Artist's concept depicts a supermassive black hole at the center of a galaxy. blue color here represents radiation pouring out from material very close to the black hole. The grayish structure surrounding the black hole, called a torus, is made up of gas and dust. Beyond the torus, only the old red-colored stars that make up the galaxy can be seen. There are no new stars in the galaxy.
Credit: NASA/JPL-Caltech/Tim Pyle (SSC)
Supermassive black holes play a stealthy role in two major types of galaxies in the universe, bulking up until they are big enough to effectively shut down the formation of new stars, scientists have found.
The new results explain why scientists have observed in the past that massive galaxies have fewer young stars. Black holes, monstrous heaps of dense matter, grow at a different rate than the galaxies that surround them. But once a black holes reach a critical mass and become too large for its host galaxy, it zaps away nearly all the gas needed for young stars to form.
"Supermassive black holes in these giant galaxies create unfriendly places for stars to form," said Sukyoung K. Yi of Yonsei University in Seoul, who led the research team. "If you want to find lots of young stars, look to the smaller galaxies."
The findings by Yi, Kevin Schawinski and Sadegh Khochfar of Oxford University and their colleagues were published last month in the journal Nature.
In the past, scientists predicted that black holes suppressed star formation in their host galaxies by heating and expelling all the cold gas that is needed for star birth. Data from by NASA's Galaxy Evolution Explorer, or GALEX, spacecraft, launched in 2003, allowed Yi and his team to test that idea.
GALEX, which orbits Earth and is extremely sensitive to ultraviolet radiation emitted by even low numbers of young stars, has surveyed more than 800 nearby elliptical and lenticular (lens-shaped) galaxies of various sizes.
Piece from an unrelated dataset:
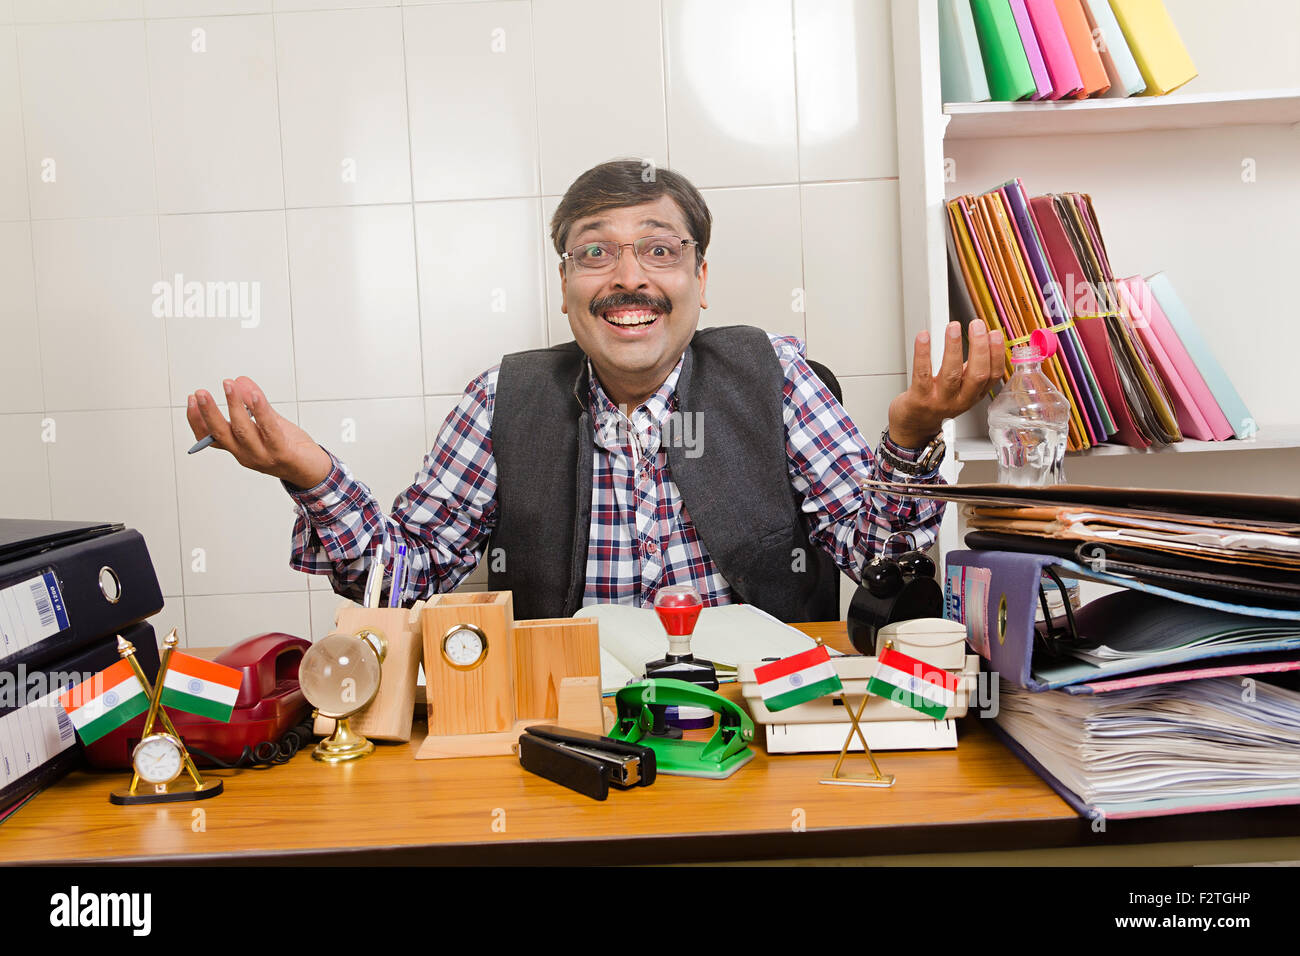 1 Indian Man Government Employee Office Working Stock Photo 878210

The spacecraft's instruments turned up evidence that once a black hole reaches a certain size, it gets into a feedback loop with its host galaxies that results in conditions that suppress new star formation.
"Star formation can happen anywhere, as it inevitably happens whenever the surface density of cold gas is sufficiently high," Schawinski told SPACE.com. "What we are referring to is the black hole removing gas by heating and/or expelling it from the galaxy altogether."
Galaxies can contain a large amount of hydrogen gas. If that gas is sufficiently cold and dense, clouds of it collapse to form young stars. However, if the gas in elliptical and lenticular galaxies has been heated to very high temperatures, it becomes unavailable as fuel for star-formation.
The removal or ejection of cold gas from the center of galaxies possibly is achieved in part by jets of energy that shoot from black holes.
Black holes are "messy eaters," Khochfar said.
As matter falls towards a black hole, momentum forces it to flatten out into a dense, hot disk. A lot of the matter never makes it into the black hole and is ejected in jets that travel at a significant fraction of light-speed, emanating from the poles of the black hole. Those jets might do such a good job of heating gas near the center of a galaxy that there is little fuel available for the creation of new stars, Yi said.
Astrophysicists suspected that the energy of supernova explosions might be involved in ejecting star fuel from galaxies, but in the case of massive elliptical galaxies, Yi said, only black holes are massive enough to halt all star formation on their own.